8 the hard way
CHARLESTON, W.Va. -- James Kent finished the men's open singles finals at the Charleston Public Courts tennis tournament the same way he started it, by doing maybe the toughest thing there is to do at the event - breaking Patrick Walker's serve.
Squeezed between was a three-plus-hour, back-and-forth, grinding match that kept a healthy crowd glued to its seats in the late July heat Saturday at Schoenbaum Courts in Kanawha City.
In the end, the tournament crowned a new all-time leader in men's open singles titles as Kent survived the six-time champion Walker 7-5 (7-6), 4-6, 7-5 to pick up his eighth championship and first since 2005, when he tied Kevin Ball's record of seven titles.
Kent's win also denied Walker the accomplishment of tying them both at seven crowns.
"It really hasn't sunk in yet," an exhausted Kent said of his eighth title. "I was just focusing on playing every match this tournament at a high level, and for the most part I think I did."
He displayed that high level several times when he needed to on Saturday.
With the score tied 5-5 in the deciding third set, Walker had two chances at breaking Kent and taking control of the match.
Instead, the 34-year-old fought off the younger Walker, rallied to claim the sixth point and then shut down Walker's serve to polish off the win.
"It was a very physical match. Pat served extremely well the whole match," Kent said. "The only good look I had on a serve was that last game. He wasn't going for the angles and I put some returns in play. It was very hard. He hits such a heavy ball - he pushed me to the limit but I played well, focused, and luckily I came through."
Walker had won four titles in a row and six of the last seven but fell just short on Saturday, marking the first time he's come up short when entering the Public Courts men's open.
Two of those title wins came at the expense of Kent in 2006 and 2009.
"He just played better," Walker said. "That's just all there is to it."
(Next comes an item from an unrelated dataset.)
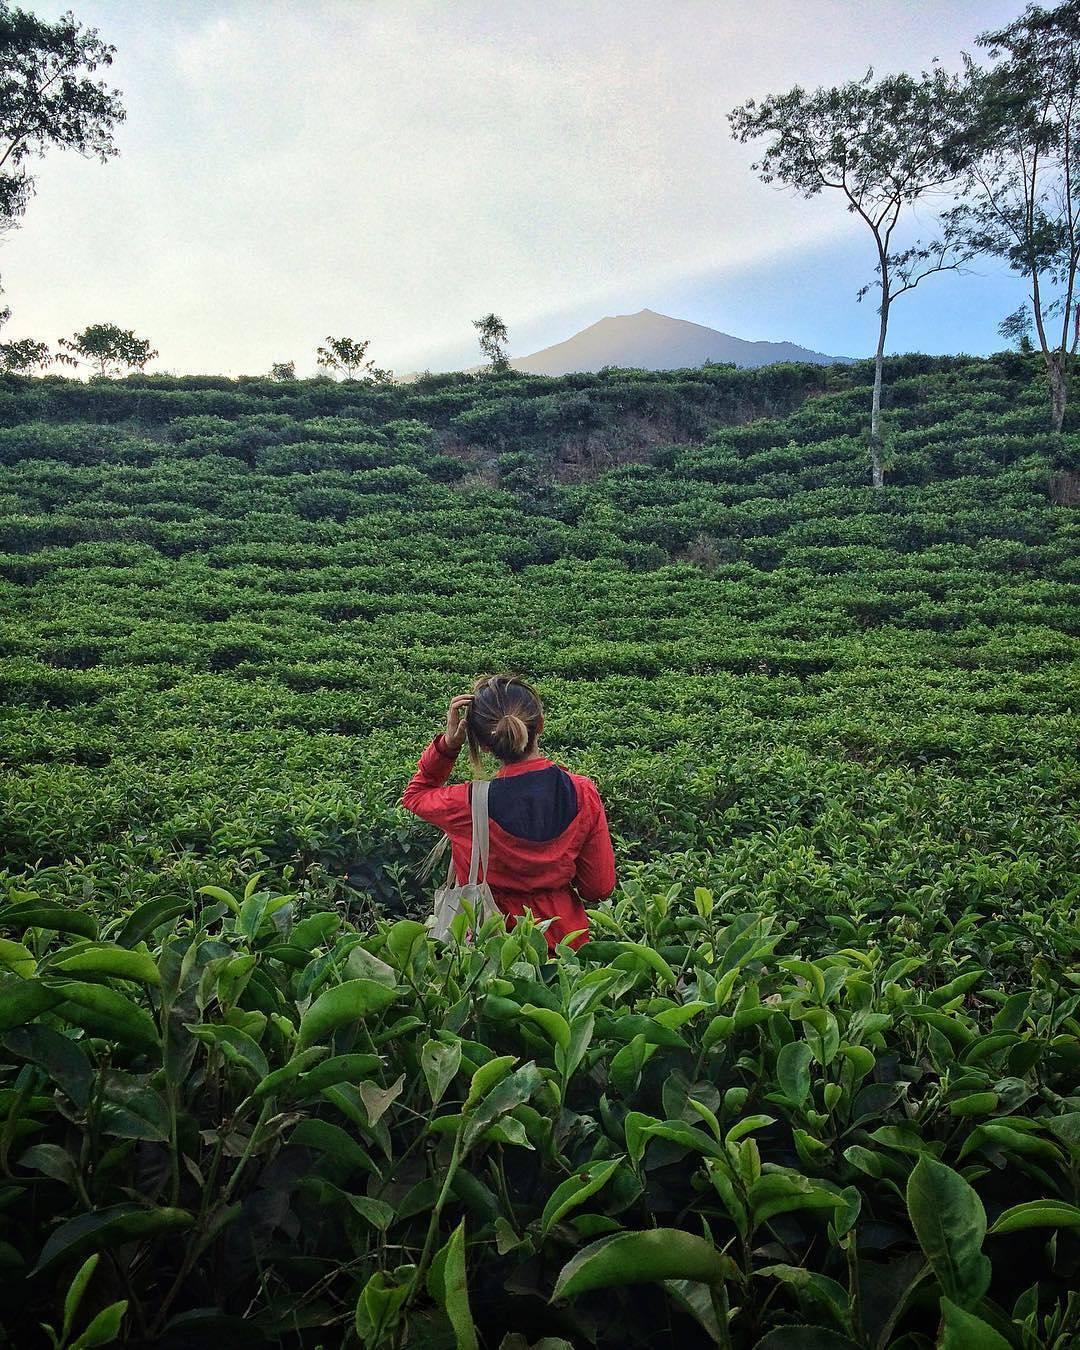 Menemukan 10 Keistimewaan Kebun Teh Bukit Kuneer Wonosari Malang Kesejukan
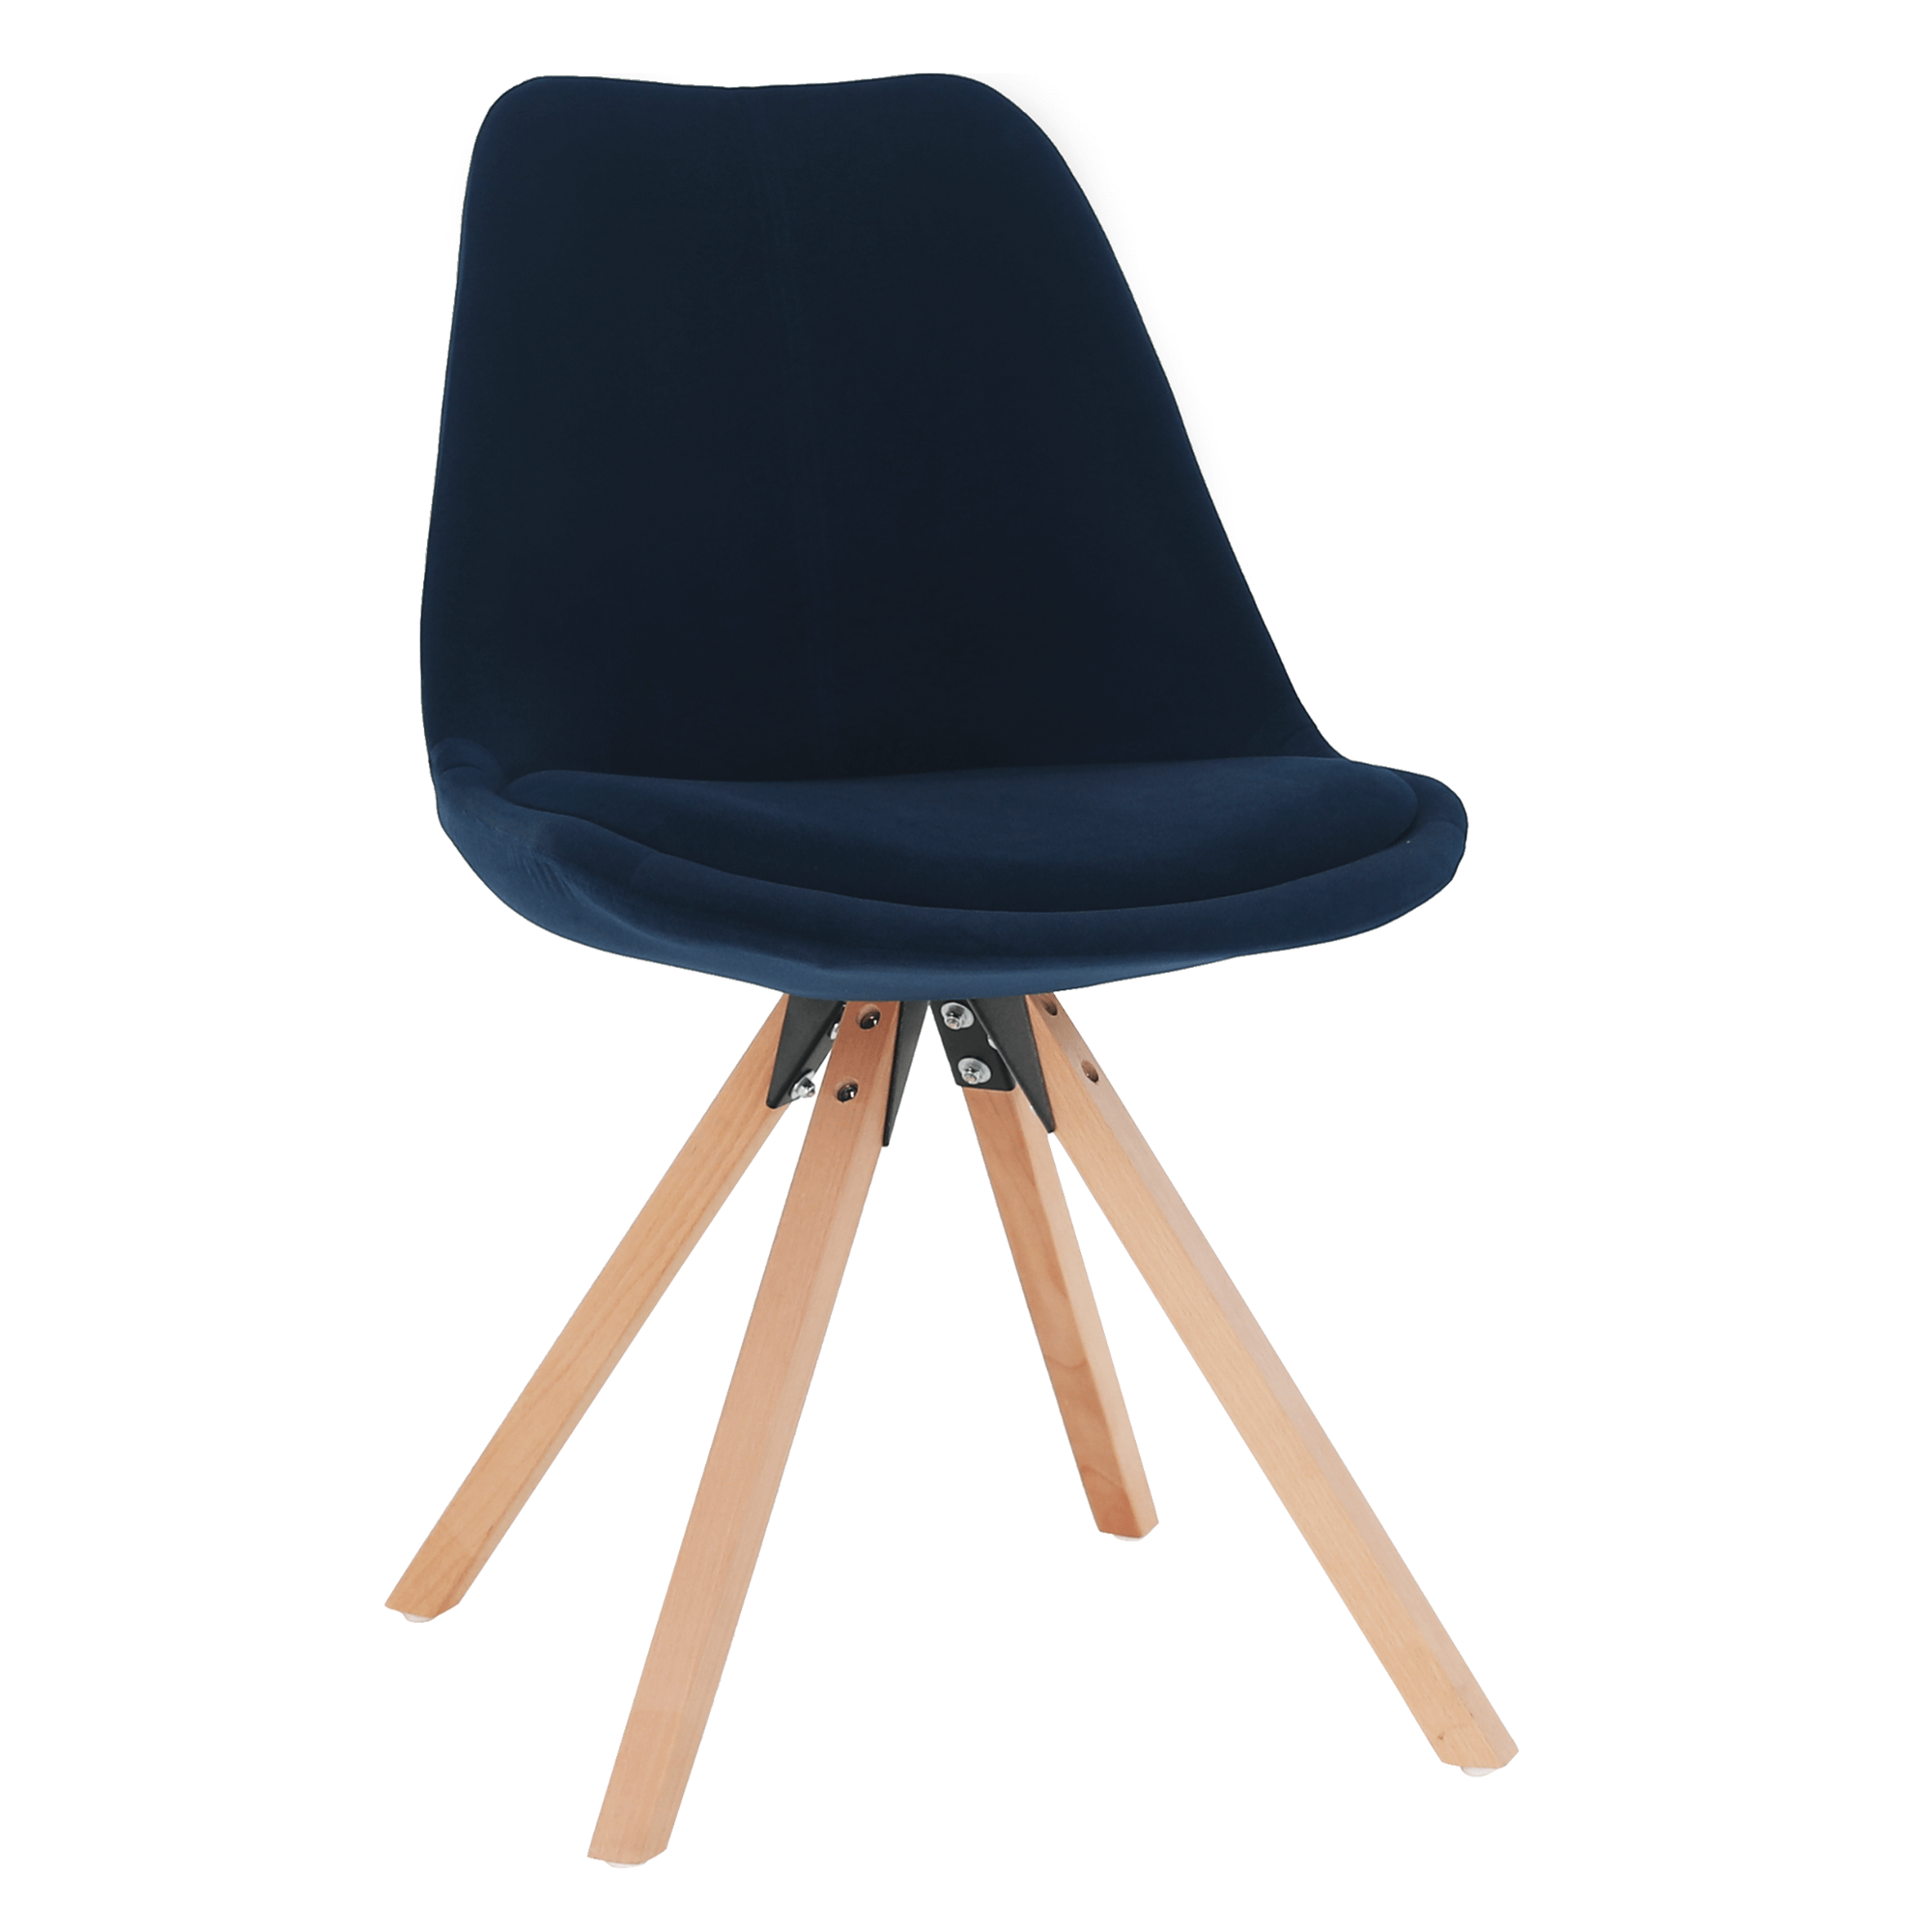 Stolička, modrá Velvet látka/buk, SABRA

It was Kent who told a young Walker about the Public Courts tournament years ago, and at the end of Saturday's match, Walker met Kent at the net with a smile and a hug.
The respect between the two is evident when watching them play, and Kent admitted that simply beating Walker was an accomplishment in itself.
"I knew I was playing well coming in," Kent said. "But anytime you play Pat it just comes down to a break or two because he puts so much pressure on you to hold [your serve] because he holds his so easily, especially when he's firing aces. You're just a spectator at that time."
It was Kent's first appearance at the tournament since 2010, and on Saturday the former Capital and West Virginia University player left no doubt that he's playing better than ever. He wouldn't mind a rematch in the finals next year, and Walker agreed.
"He's going to come back hungrier," Kent said of Walker. "He'll break the record, I'm confident in that. He's younger than I am and he could have easily won that match. He had a break point to go up to serve for the match. It could have gone either way."
"I think he will [be back]," Walker said of Kent. "I hope so. He wants to push it and he knows I want to get it so I think he'll be back."